Some additions to a given set of answers:
First of all if you going to use Redis hash efficiently you must know
a keys count max number and values max size - otherwise if they break out hash-max-ziplist-value or hash-max-ziplist-entries Redis will convert it to practically usual key/value pairs under a hood. ( see hash-max-ziplist-value, hash-max-ziplist-entries ) And breaking under a hood from a hash options IS REALLY BAD, because each usual key/value pair inside Redis use +90 bytes per pair.
It means that if you start with option two and accidentally break out of max-hash-ziplist-value you will get +90 bytes per EACH ATTRIBUTE you have inside user model! ( actually not the +90 but +70 see console output below )
# you need me-redis and awesome-print gems to run exact code
redis = Redis.include(MeRedis).configure( hash_max_ziplist_value: 64, hash_max_ziplist_entries: 512 ).new
=> #<Redis client v4.0.1 for redis://127.0.0.1:6379/0>
> redis.flushdb
=> "OK"
> ap redis.info(:memory)
{
"used_memory" => "529512",
**"used_memory_human" => "517.10K"**,
....
}
=> nil
# me_set( 't:i' ... ) same as hset( 't:i/512', i % 512 ... )
# txt is some english fictionary book around 56K length,
# so we just take some random 63-symbols string from it
> redis.pipelined{ 10000.times{ |i| redis.me_set( "t:#{i}", txt[rand(50000), 63] ) } }; :done
=> :done
> ap redis.info(:memory)
{
"used_memory" => "1251944",
**"used_memory_human" => "1.19M"**, # ~ 72b per key/value
.....
}
> redis.flushdb
=> "OK"
# setting **only one value** +1 byte per hash of 512 values equal to set them all +1 byte
> redis.pipelined{ 10000.times{ |i| redis.me_set( "t:#{i}", txt[rand(50000), i % 512 == 0 ? 65 : 63] ) } }; :done
> ap redis.info(:memory)
{
"used_memory" => "1876064",
"used_memory_human" => "1.79M", # ~ 134 bytes per pair
....
}
redis.pipelined{ 10000.times{ |i| redis.set( "t:#{i}", txt[rand(50000), 65] ) } };
ap redis.info(:memory)
{
"used_memory" => "2262312",
"used_memory_human" => "2.16M", #~155 byte per pair i.e. +90 bytes
....
}
For TheHippo answer, comments on Option one are misleading:
hgetall/hmset/hmget to the rescue if you need all fields or multiple get/set operation.
For BMiner answer.
Third option is actually really fun, for dataset with max(id) < has-max-ziplist-value this solution has O(N) complexity, because, surprise, Reddis store small hashes as array-like container of length/key/value objects!
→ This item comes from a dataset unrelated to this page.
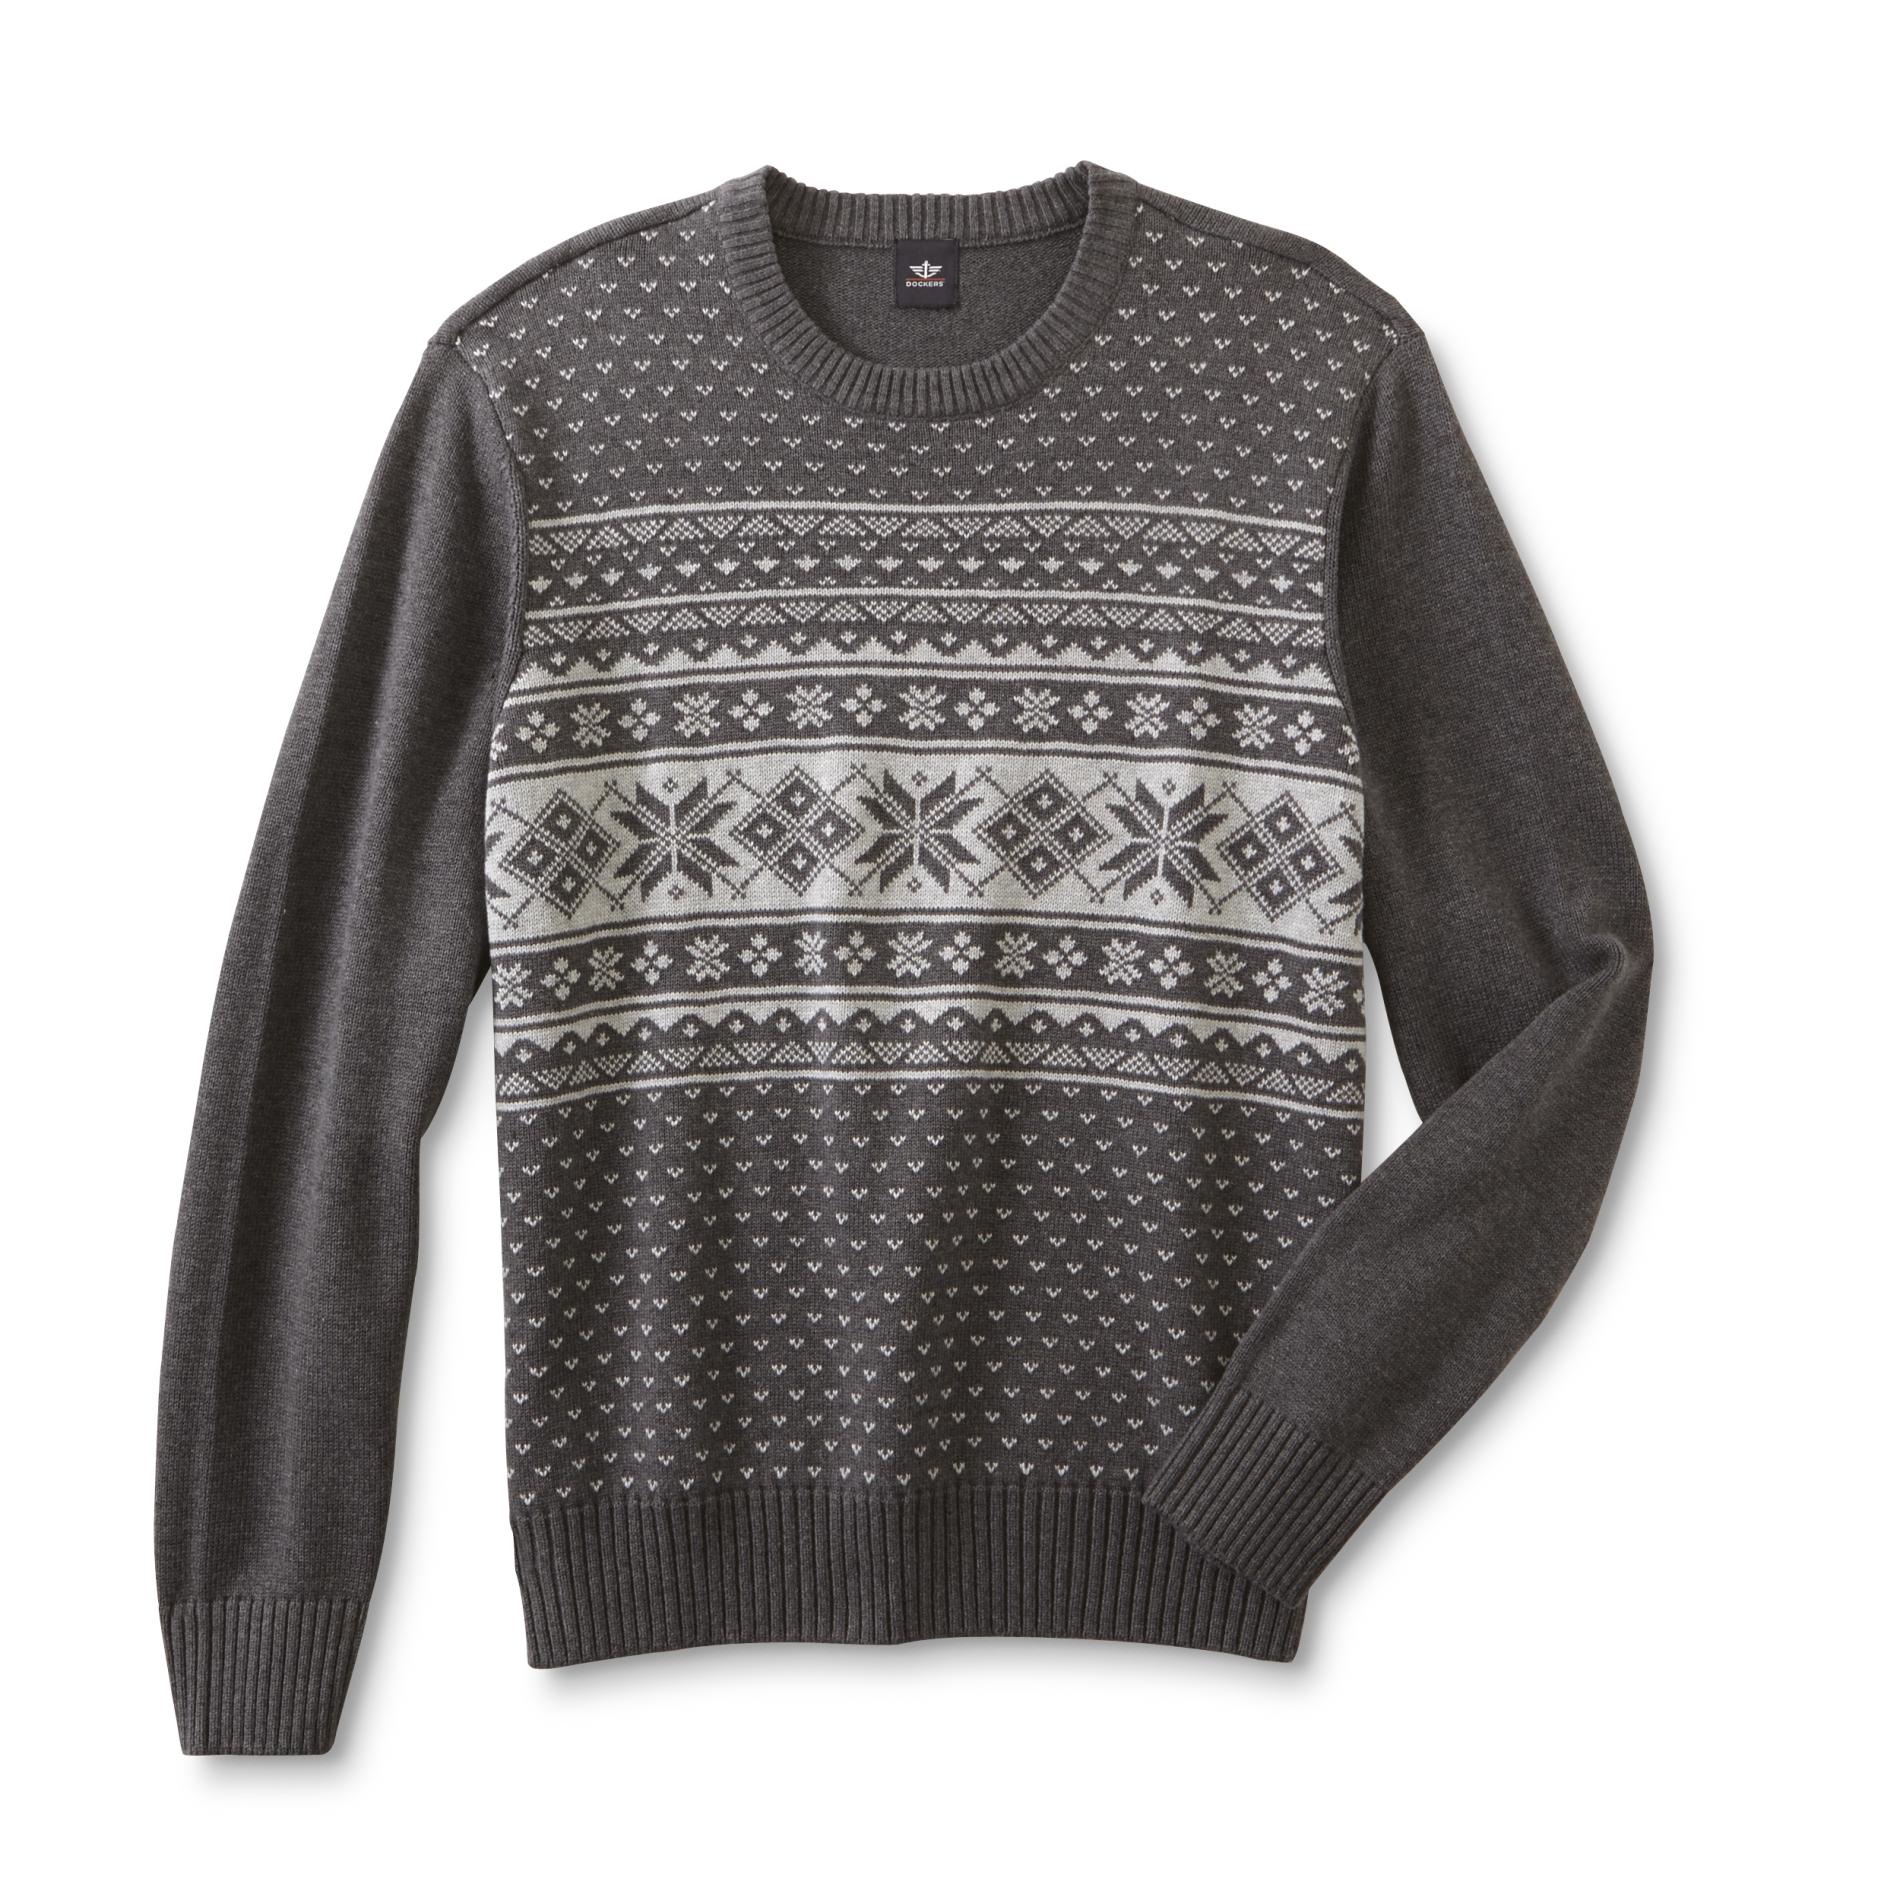 Dockers Men's Christmas Sweater - Snowflakes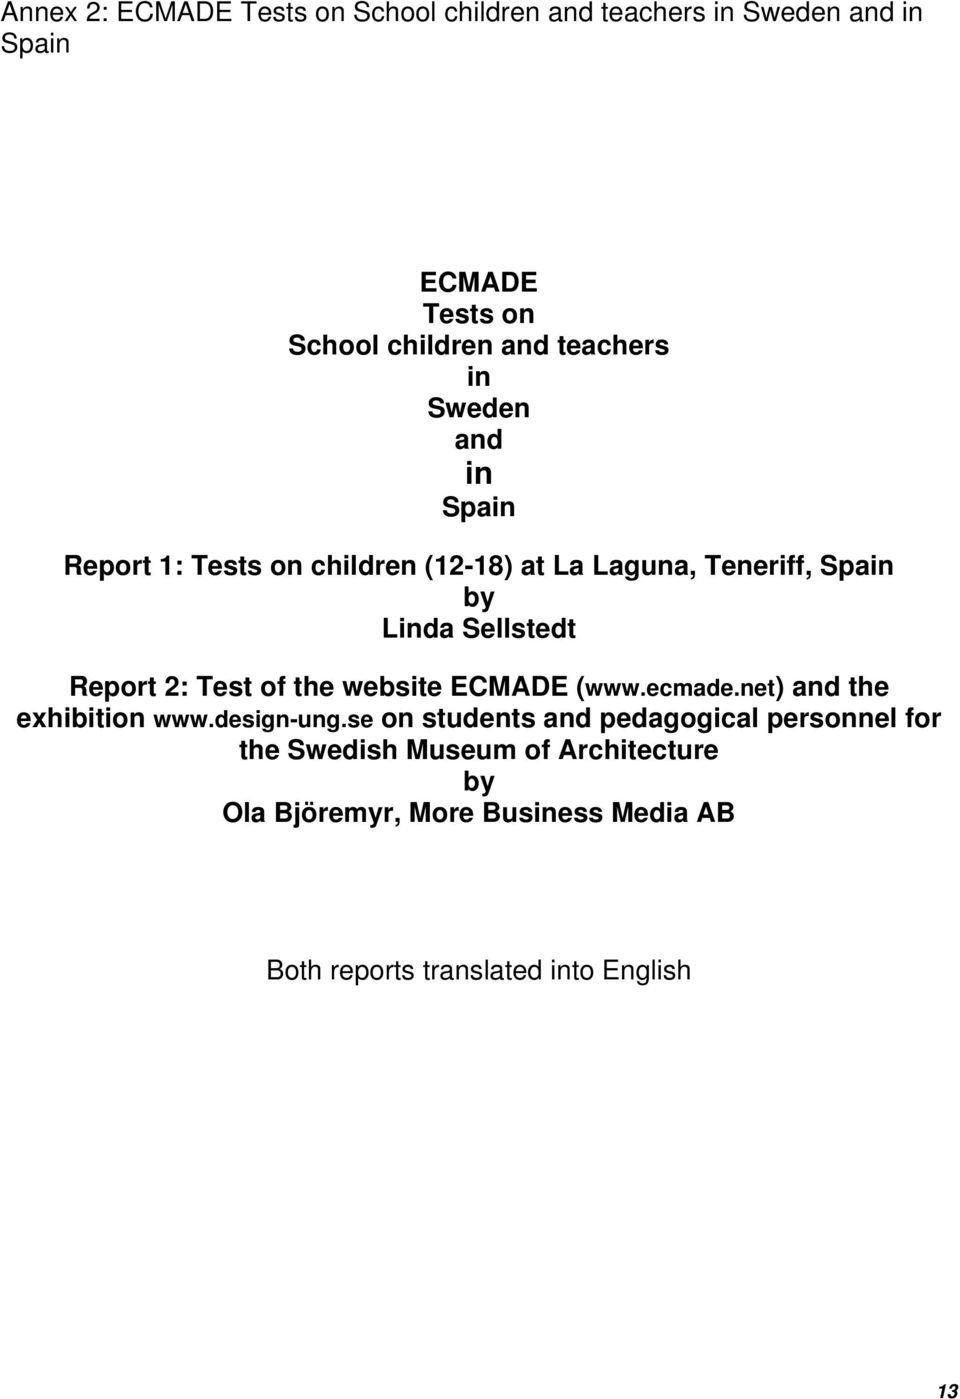 Report 2: Test the website ECMADE (www.ecmade.net) and the exhibition www.design-ung.

But many times hashes contain just a few fields. When hashes are small we can instead just encode them in an O(N) data structure, like a linear array with length-prefixed key value pairs. Since we do this only when N is small, the amortized time for HGET and HSET commands is still O(1): the hash will be converted into a real hash table as soon as the number of elements it contains will grow too much
But you should not worry, you'll break hash-max-ziplist-entries very fast and there you go you are now actually at solution number 1.
Second option will most likely go to the fourth solution under a hood because as question states:
Keep in mind that if I use a hash, the value length isn't predictable. They're not all short such as the bio example above.
And as you already said: the fourth solution is the most expensive +70 byte per each attribute for sure.
My suggestion how to optimize such dataset:
You've got two options:
If you cannot guarantee max size of some user attributes then you go for first solution, and if memory matter is crucial then
compress user json before storing in redis.
If you can force max size of all attributes.
Then you can set hash-max-ziplist-entries/value and use hashes either as one hash per user representation OR as hash memory optimization from this topic of a Redis guide: https://redis.io/topics/memory-optimization and store user as json string. Either way you may also compress long user attributes.